Acompañé a Donata a la Santa Catedral. Quería mi pobre odalisca apurar su piedad y sus oraciones para mover a la Virgen a un acto generoso por las vías comunes, o por la vía del milagro si necesario fuese... Disparatada fue, según Donata, la conducta de Ortega; pero ¿cómo dudar que en sus propósitos estaba el defender la religión? La Causa últimamente abrazada por el infeliz General, no sólo predica las buenas leyes, sino el reinado de la fe. Pues bien merecía Ortega que se le mirara como soldado de Dios, salvándole de una muerte ignominiosa.

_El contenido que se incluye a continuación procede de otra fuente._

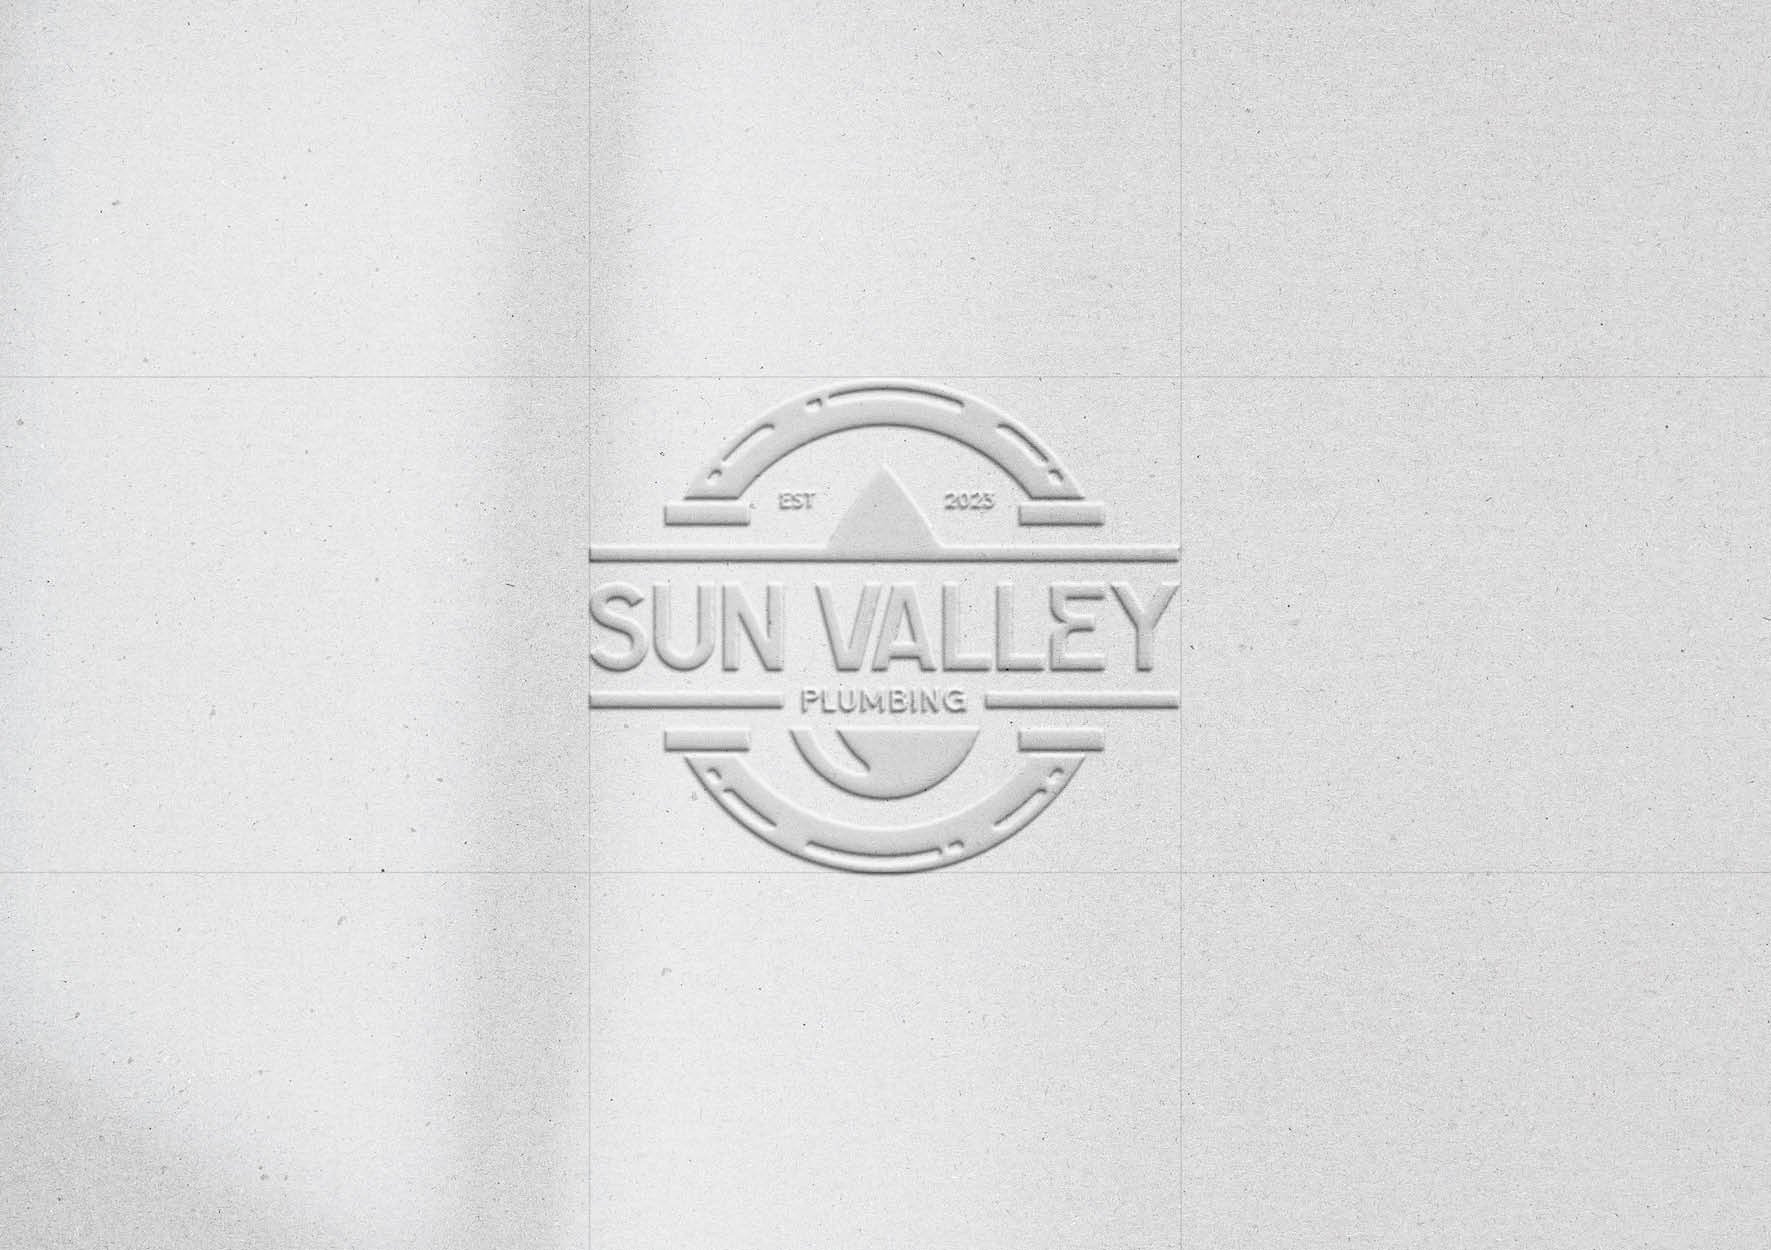 Sun Valley Plumbing - Brand Identity15.jpg

En estas reflexiones y en el afán de sus rezos la dejé, porque me esperaba don Higinio, el Músico Mayor, con quien quedé citado en el café para irnos a ver la ejecución. Es el prototipo de la franqueza angelical, un hombre de esos que llamamos todo corazón, mejor será decir todo nervios, porque no he visto otro más vivo, más cambiante y movedizo en sus sensaciones, ni que mejor traduzca su temperamento en un lenguaje que musicalmente puedo expresar con la notación de presto agitato. Por la mañana me contó que había visitado a Ortega en la capilla, hablando con él un ratito. ¡Qué mal rato pasó! Aunque se tiene por hombre de fibra, capaz de resistir las más patéticas impresiones, no pudo eximirse de la pena del caso, ni disimularla frente al reo. Éste, presumido y bien compuesto de rostro hasta en los trances últimos de su vida, se mostraba ante los curiosos sereno y grave, con una melancolía de buen tono. Había escrito a su mujer una carta afectuosa; se había despedido de sus amigos y cómplices, Elío y Cavero, y hablando del suplicio próximo, trazaba un programa de él, comparándose con el bravo don Diego León, de cuyo heroísmo ante la muerte quería ser imitador fiel. Como expresara su propósito de mandar el fuego, el cura que le asistía le arguyó que es más cristiano el valor callado que el jactancioso. Así pudo quitarle de la cabeza lo de dar las voces de ¡apunten, fuego!, que revela el apego a las vanidades terrestres en el momento de cambiarlas por la eternidad gloriosa.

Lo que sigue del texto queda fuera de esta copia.